For basic usage, use kron optimizer like any other optax optimizer:

from psgd_jax.kron import kron

optimizer = kron()
opt_state = optimizer.init(params)

updates, opt_state = opt.update(grads, opt_state)
params = optax.apply_updates(params, updates)

Basic hyperparameters:

In general kron is robust to hyperparameter choice.

TLDR: Learning rate acts similarly to adam's, but can be set a little higher like 0.001 -> 0.003. Weight decay should be set lower than adam's, like 0.1 -> 0.01 or 0.001. There is no b2 or epsilon.

learning_rate: Kron's learning rate acts similarly to adam's, but can withstand a higher learning rate. Try setting 3x higher. If 0.001 was best for adam, try setting kron's to 0.003.

weight_decay: PSGD does not rely on weight decay for generalization as much as adam, and too high weight decay can hurt performance. Try setting 10x lower. If the best weight decay for adam was 0.1, you can set kron's to 0.01 or 0.001.

max_size_triangular: Anything above this value will have a diagonal preconditioner, anything below will have a triangular preconditioner. So if you have a dim with size 16,384 that you want to use a diagonal preconditioner for, set max_size_triangular to something like 15,000. Default is 8192.

max_skew_triangular: Any tensor with skew above this value with make the larger dim diagonal. For example, with the default value for max_skew_triangular as 10, a bias layer of shape (256,) would be diagonal because 256/1 > 10, and an embedding dim of shape (50000, 768) would be (diag, tri) because 50000/768 is greater than 10. The default value of 10 usually makes layers like bias, scale, and vocab embedding use diagonal with the rest as triangular.

Interesting note: Setting max_skew_triangular to 0 will make all layers have (diag, tri) preconditioners which uses slightly less memory than adam (and runs slightly faster). Setting max_size_triangular to 0 will make all layers have diagonal preconditioners which uses the least memory and runs the fastest, but training might be slower.

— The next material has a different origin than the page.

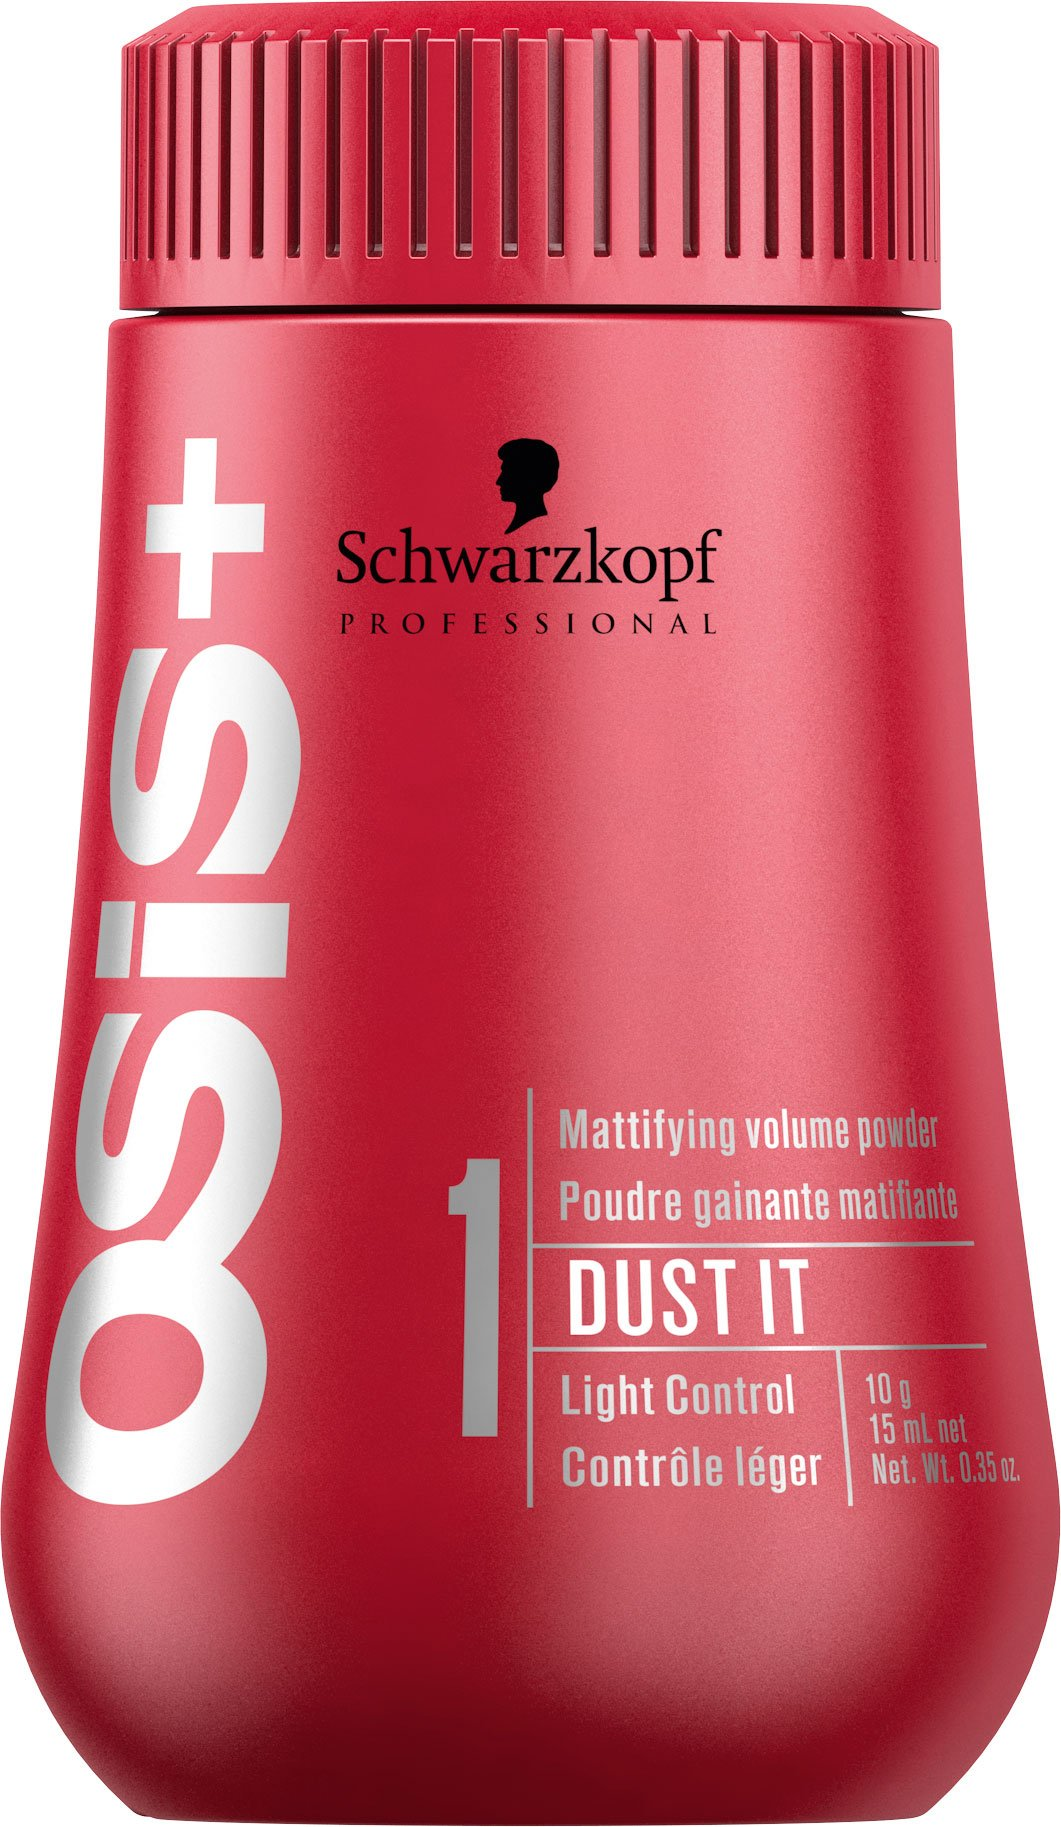 SCHWARZKOPF OSIS Dust It Mattifying Powder 10g

See kron.py for more hyperparameter details.

Sharding:

Kron contains einsums, and in general the first axis of preconditioner matrices are the contracting axes.

If using only FSDP, I usually shard the last axis of each preconditioner matrix and call it good.

However, if using tensor parallelism in addition to FSDP, you may think more carefully about how the preconditioners are sharded in train_state. For example, with grads of shape (256, 128) and kron preconditioners of shapes (256, 256) and (128, 128), if the grads are sharded as (fsdp, tensor), then you may want to shard the (256, 256) preconditioner as (fsdp, tensor) and the (128, 128) preconditioner as (tensor, fsdp) so the grads and its preconditioners have same contraction axes. Either way, though, a similar amount of allgathers and allreduces will take place so don't stress.

Scanned layers:

If you are scanning layers in your network, you can also have kron scan over these layers while updating and applying the preconditioner. Simply pass in a pytree through scanned_layers with the same structure as your params with bool values indicating which layers are scanned. PSGD will vmap over the first dims of those layers. If you need a more advanced scanning setup, please open an issue.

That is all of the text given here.